[PROBLEM]:
Can you print the data exactly and leave out each image?

[AVAILABLE DATA]:
□ □ □ □
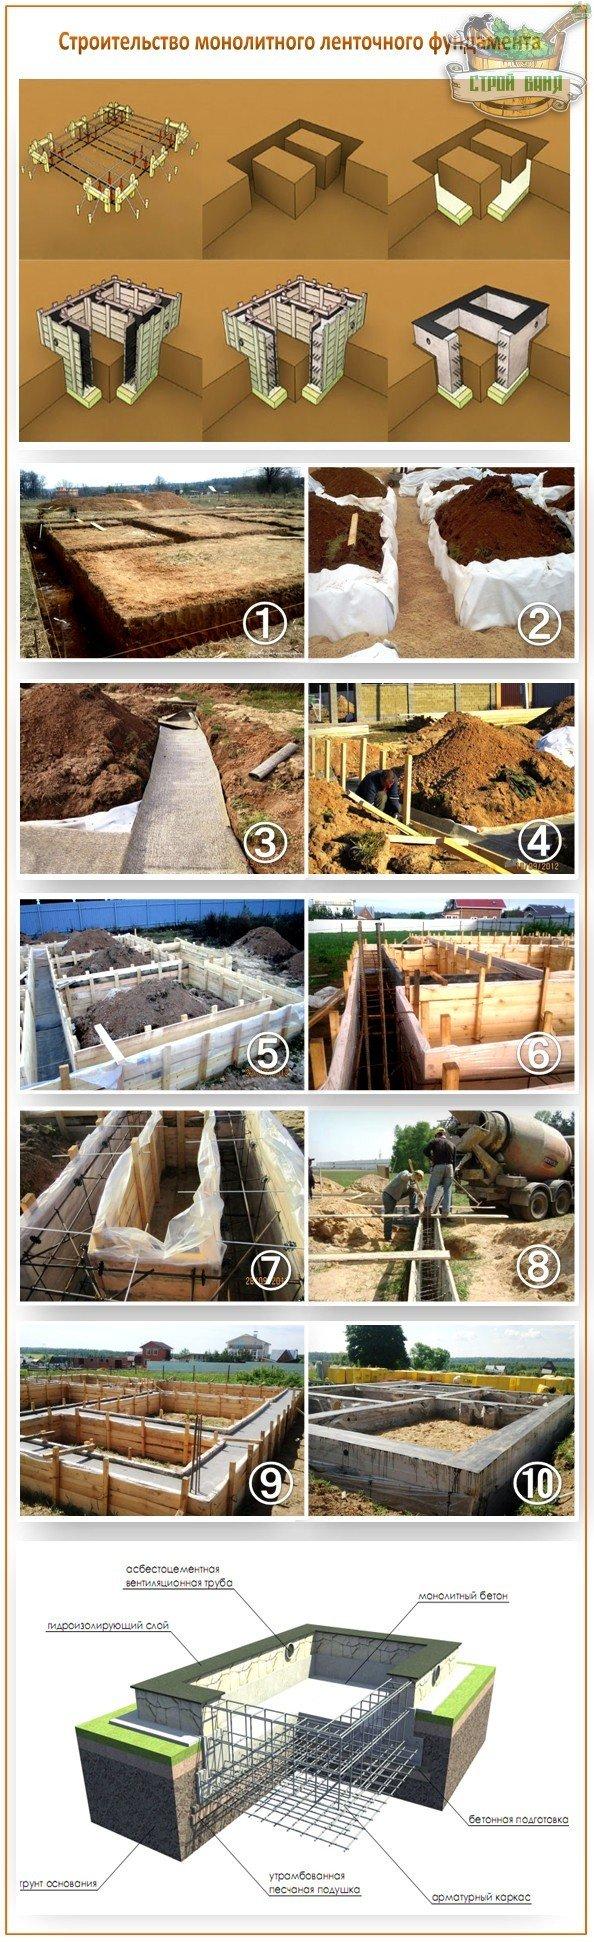 Строительство ленточного монолитного фундамента
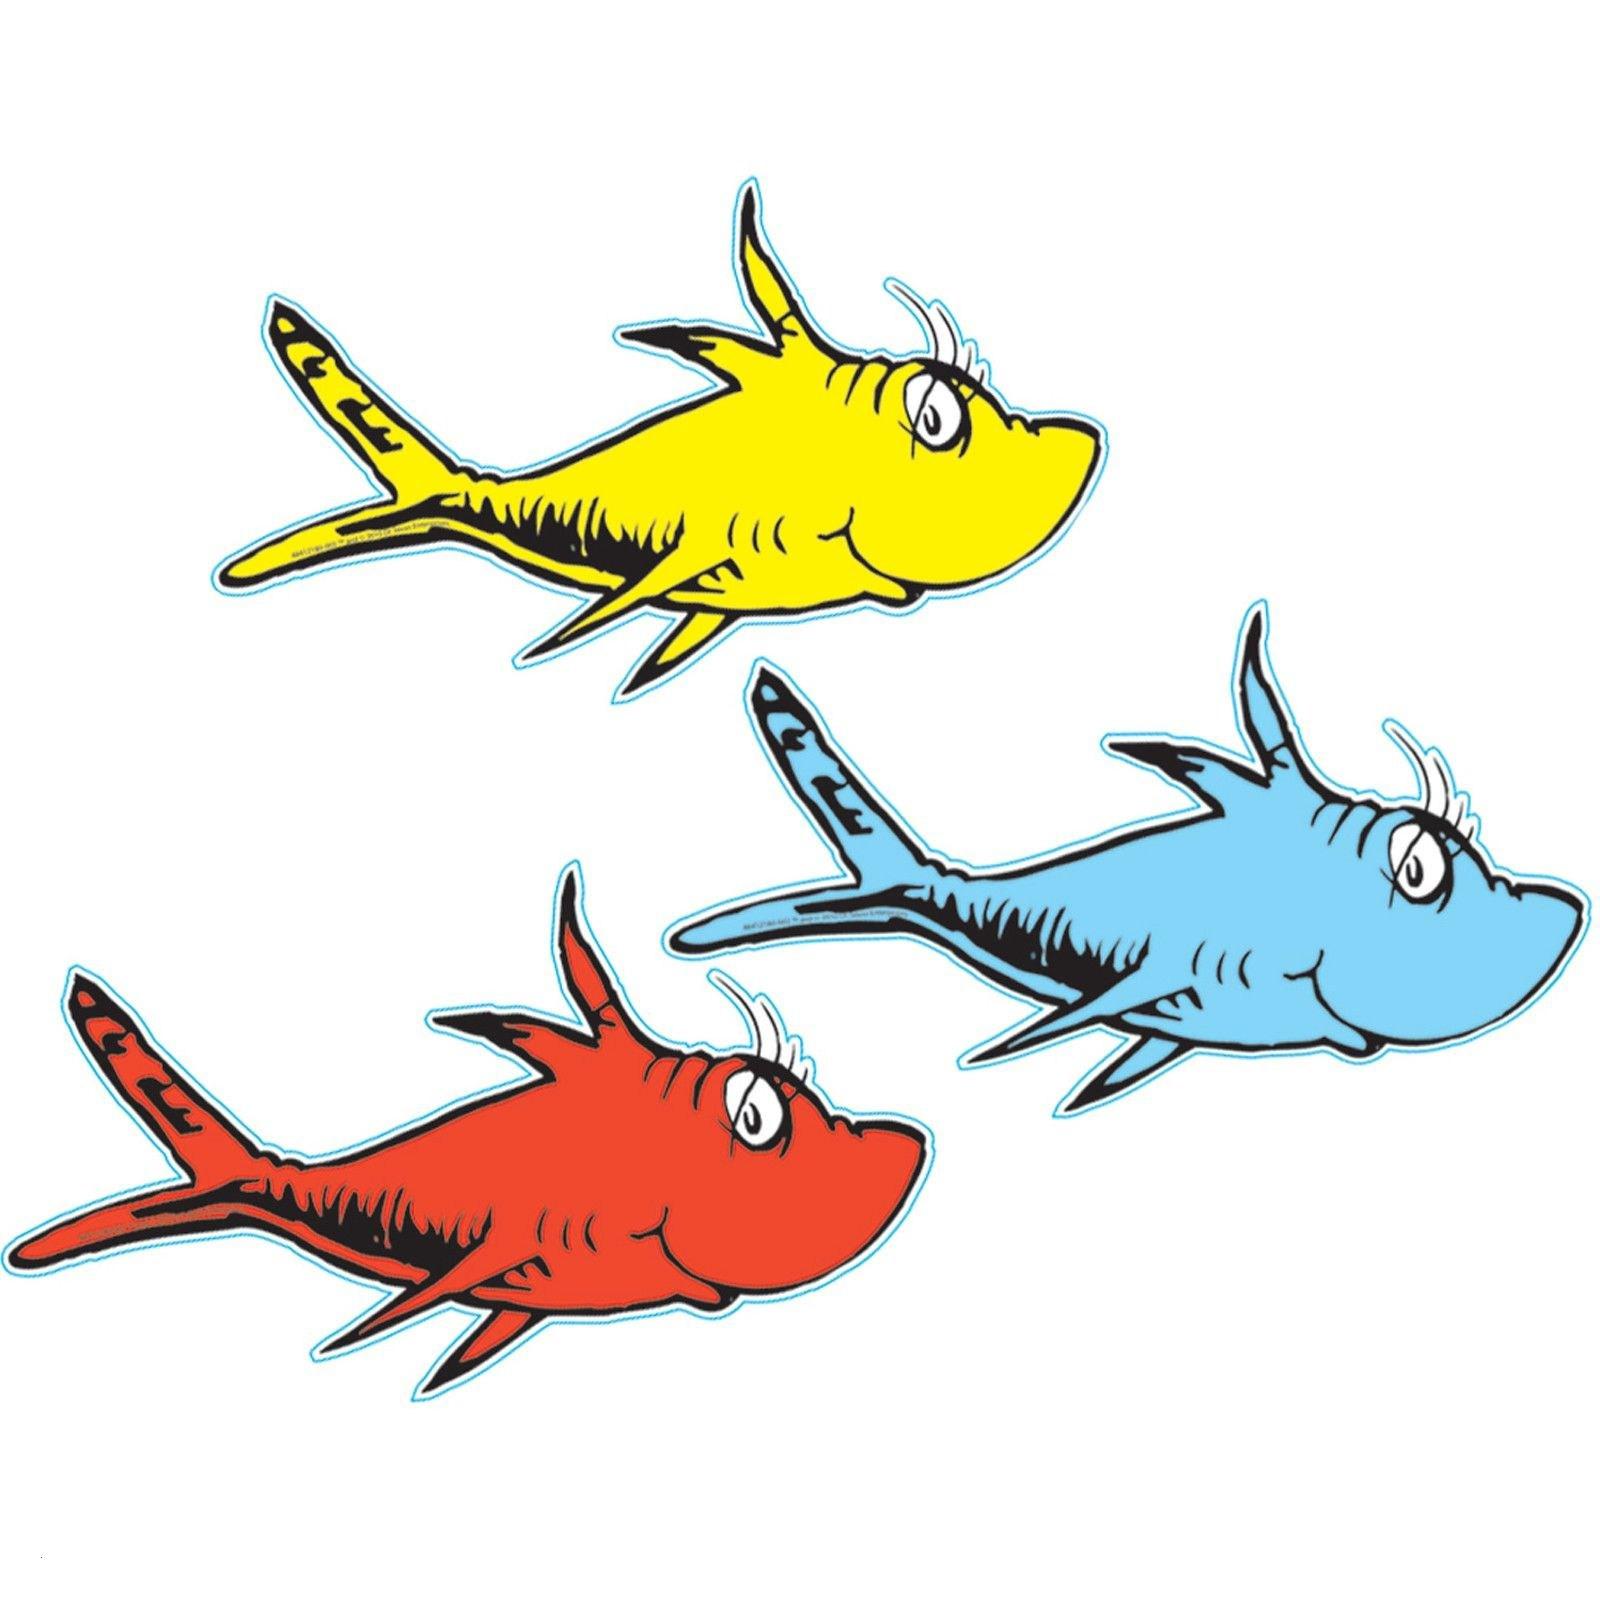 Fische Bilder Zum Ausdrucken Genial Malvorlagen Fische Zum Ausdrucken Luxus 32 Ausmalbilder Delfine Bilder
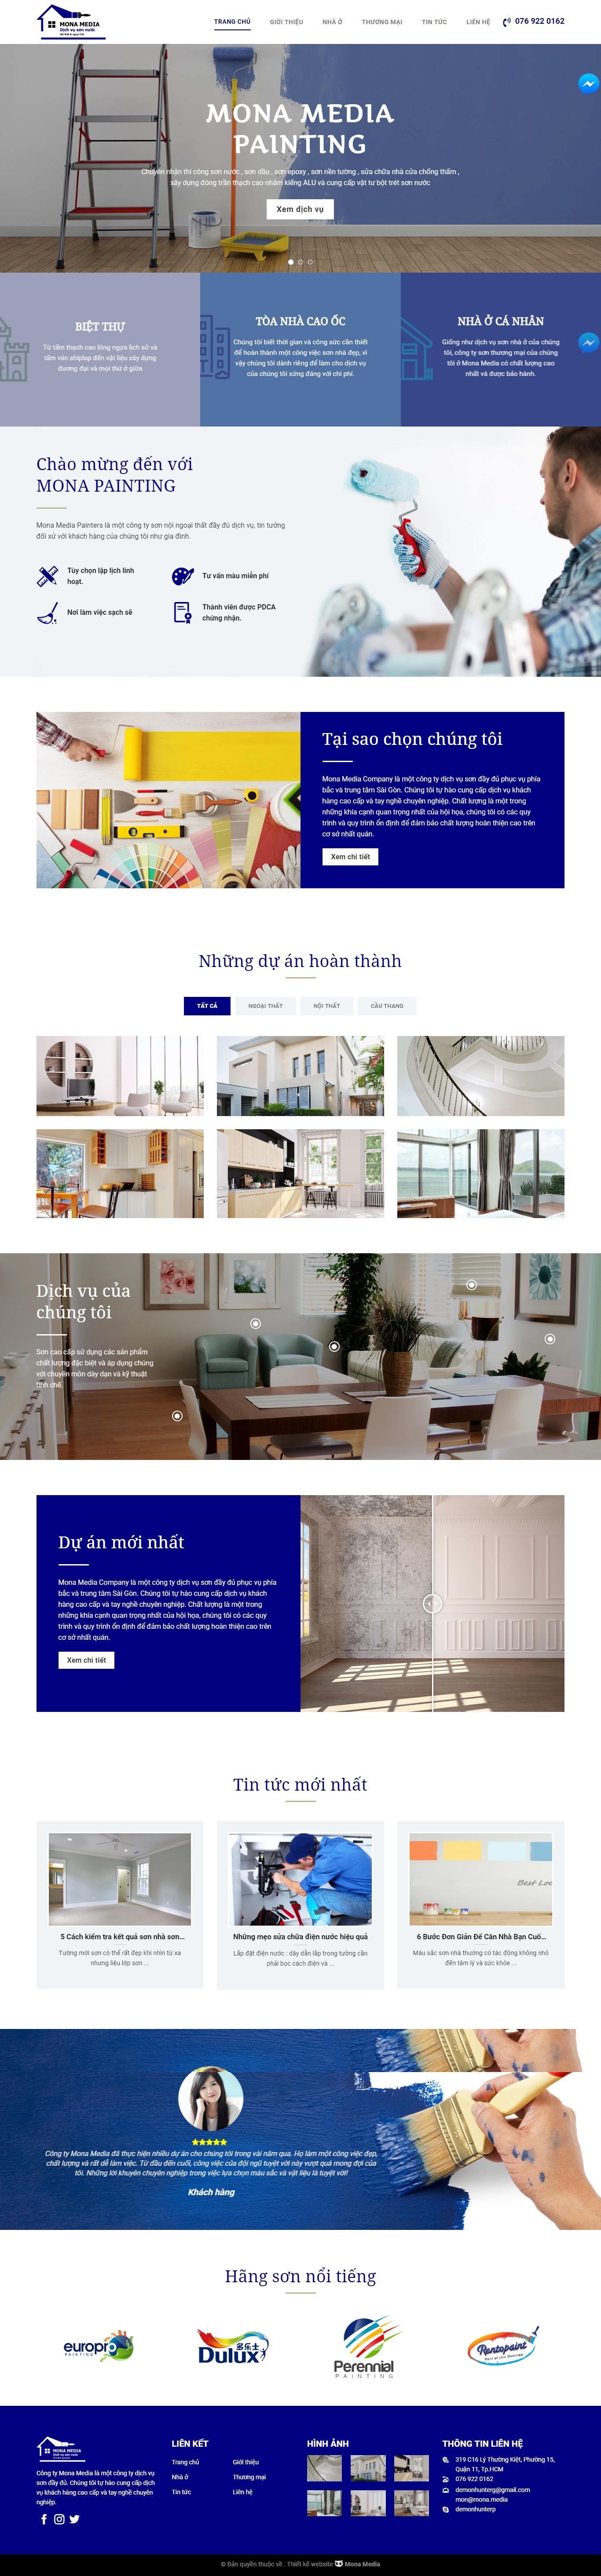 Mẫu website thi công sơn nội ngoại thất
□ □ □ □
[RESPONSE AREA]:
 Строительство ленточного монолитного фундамента
 Fische Bilder Zum Ausdrucken Genial Malvorlagen Fische Zum Ausdrucken Luxus 32 Ausmalbilder Delfine Bilder
 Mẫu website thi công sơn nội ngoại thất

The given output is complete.